PFA for the sample multipage PDF file that I am using to convert to CSV. You can check in generated CSV after converting the data of first page of sample PDF it is again displaying the data of first page rather than displaying the data of second page. Please let me know if anything else is required from my side.
Since, you are evaluating the API in trial mode (without any license). There are free trial limitations. However, the good thing is, you can request a temporary license. Here are steps to avail the temporary license.

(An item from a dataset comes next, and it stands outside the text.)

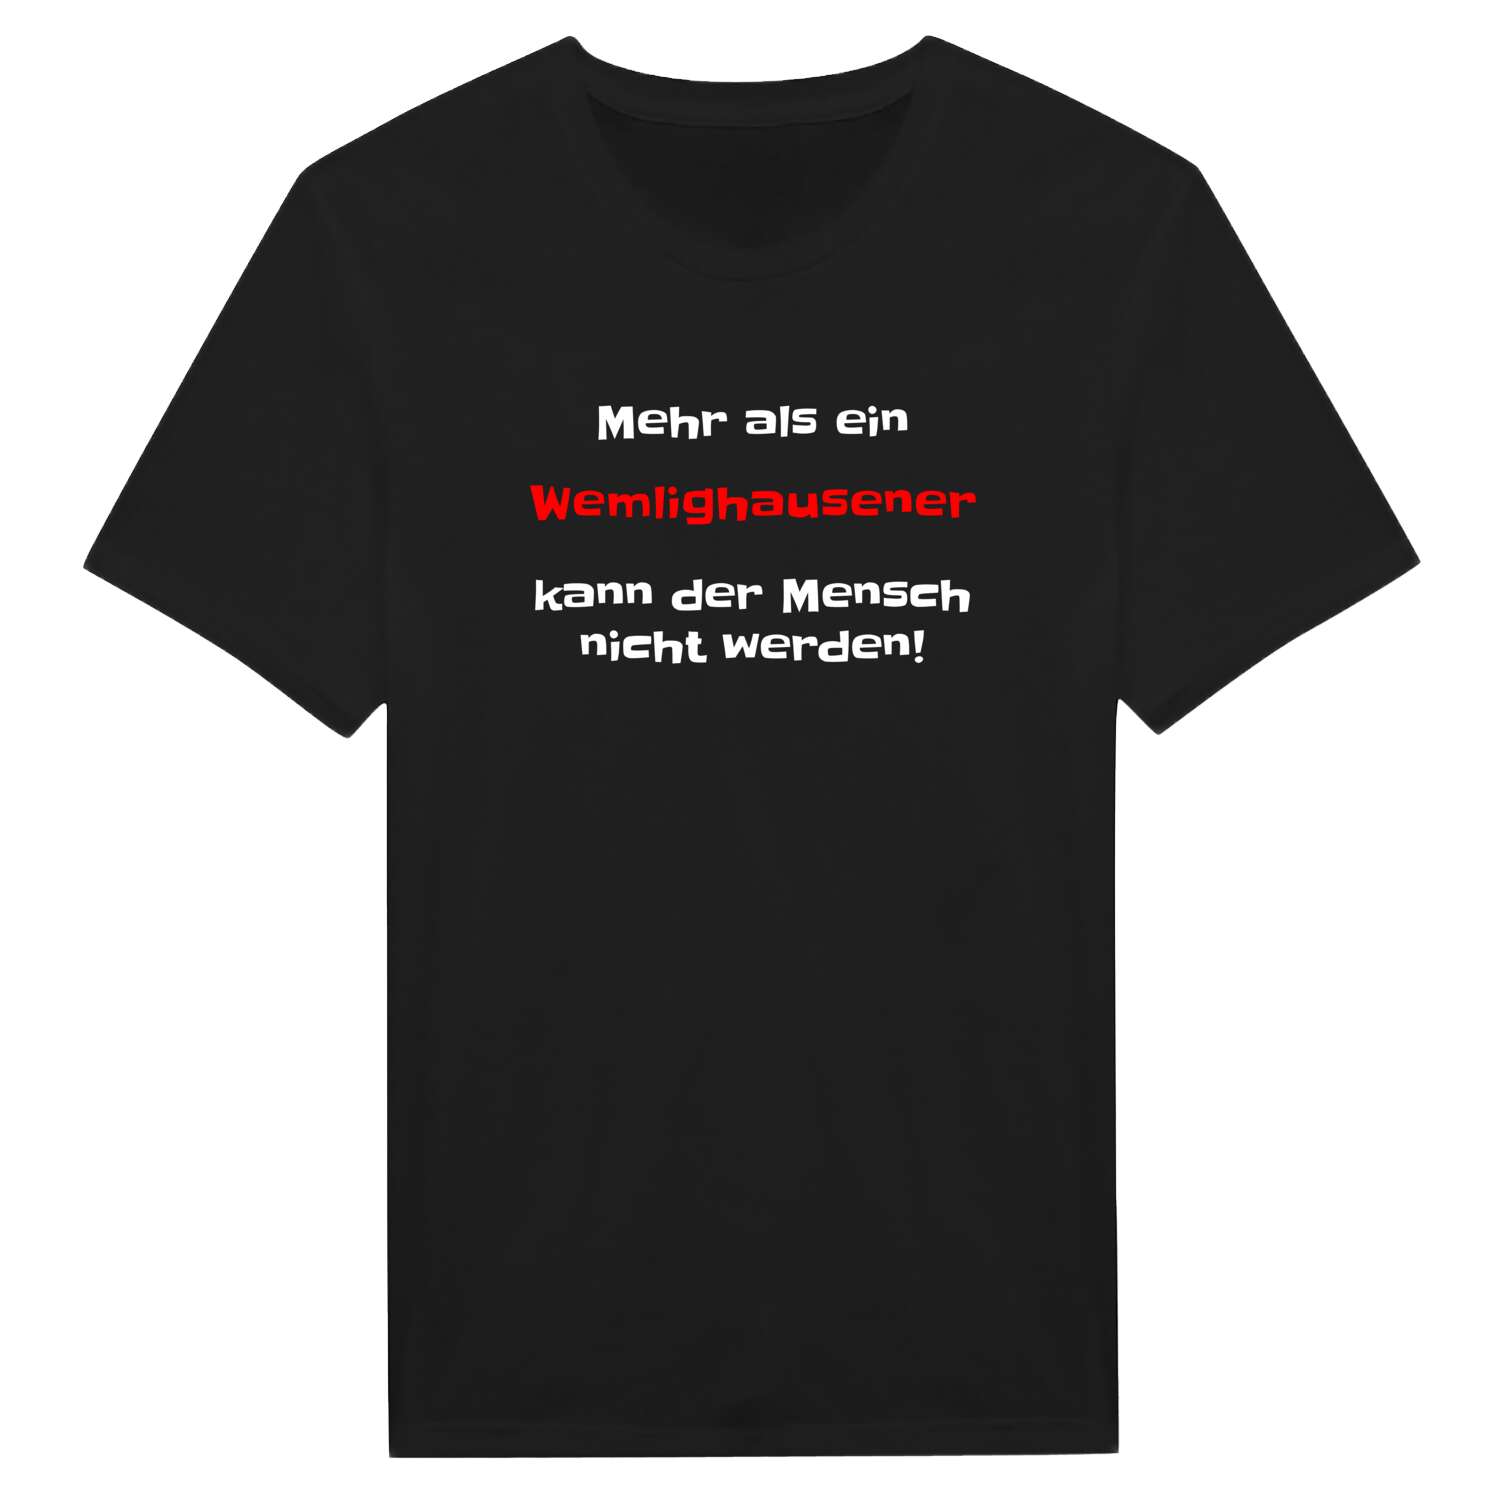 Wemlighausen T-Shirt »Mehr als ein«
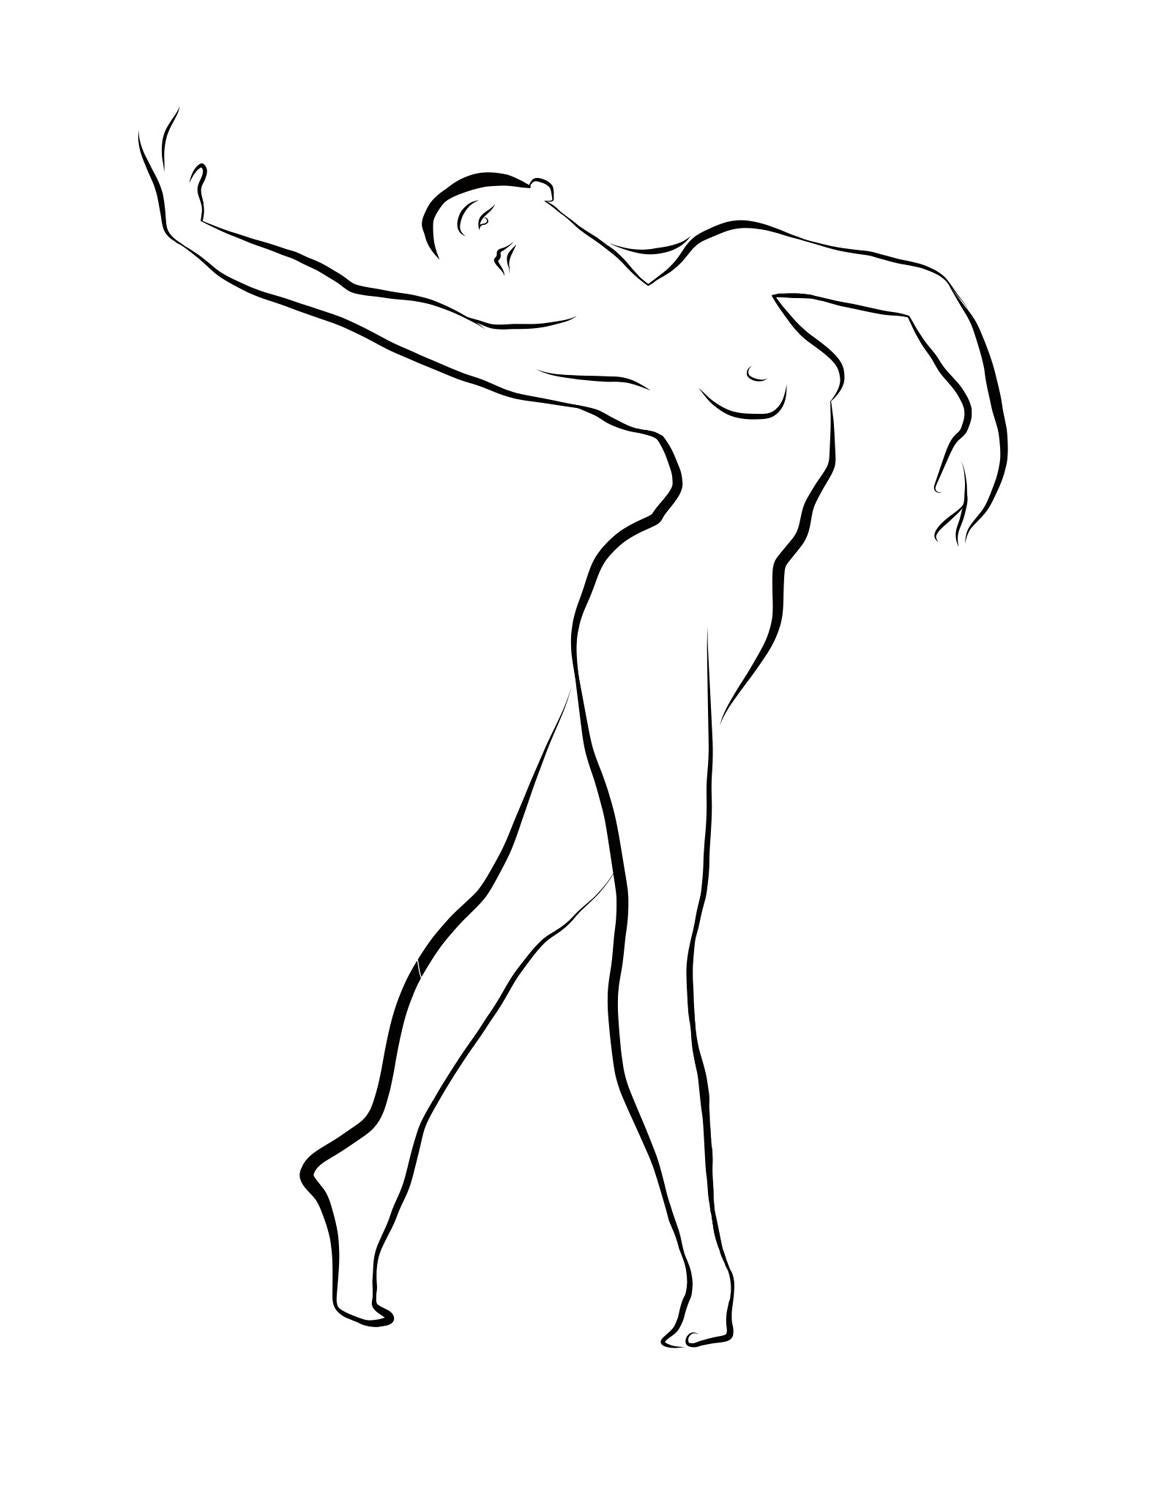 Michael Binkley Nude Print - Haiku #36, 3/50 - Digital Vector Drawing Graceful Dancing Female Nude Woman Fig

You’ll then get an output.zip (9.7 KB) like this.
Thank you for your quick response. I’ll check for the temporary license to test the complete functionality.
Can you please let me know Is it possible to get the data of PDF file that I have shared in one sheet? As I have checked the output file shared by you, data of second page is coming on the separate sheet.
Actually we have one requirement where source PDF can contain data for multiple candidates in that case we want to split the data across separate sheets i.e. data related to candidate A on one sheet and data for candidate B on another sheet. PDF file that I have shared with you contains the data for single candidate that’s why we want to get the data for that one in single sheet. Can you please let me know is it possible to achieve this functionality with Conversion API?
Is there any update on the Issue that I have raised for the time that Conversion API is taking to convert PDF to CSV format?
We are investigating this scenario. Your investigation ticket ID is CONVERSIONNET-5960. However, the other ticket is still under investigation.
We’ll notify you in case of any update.
As you explained I was checking the source PDF for the text in the “Position” column in ExecutiveWorkHistory table. As you said this text is on 2 lines that’s why it is divided into the 2 lines in CSV and that I understand.I just want to add here that, As you can see in the screenshot that you have shared the text “Senior Vice President, Operations” comes in multiple lines but in a single cell and single row in the generated CSV file.
But that’s not the case for rest of the values in the same columns like there are more values in the “Position” column like "Senior Manager, Digital
Operations" and “Senior Manager, Product Development” but for these values data gets divided into separate rows and on separate cells in the generated CSV. Same is the case for Company column. You can refer to the attached screenshot for more clarification I have highlighted the mentioned cells.
Can you please look into this and let me know how I can resolve this.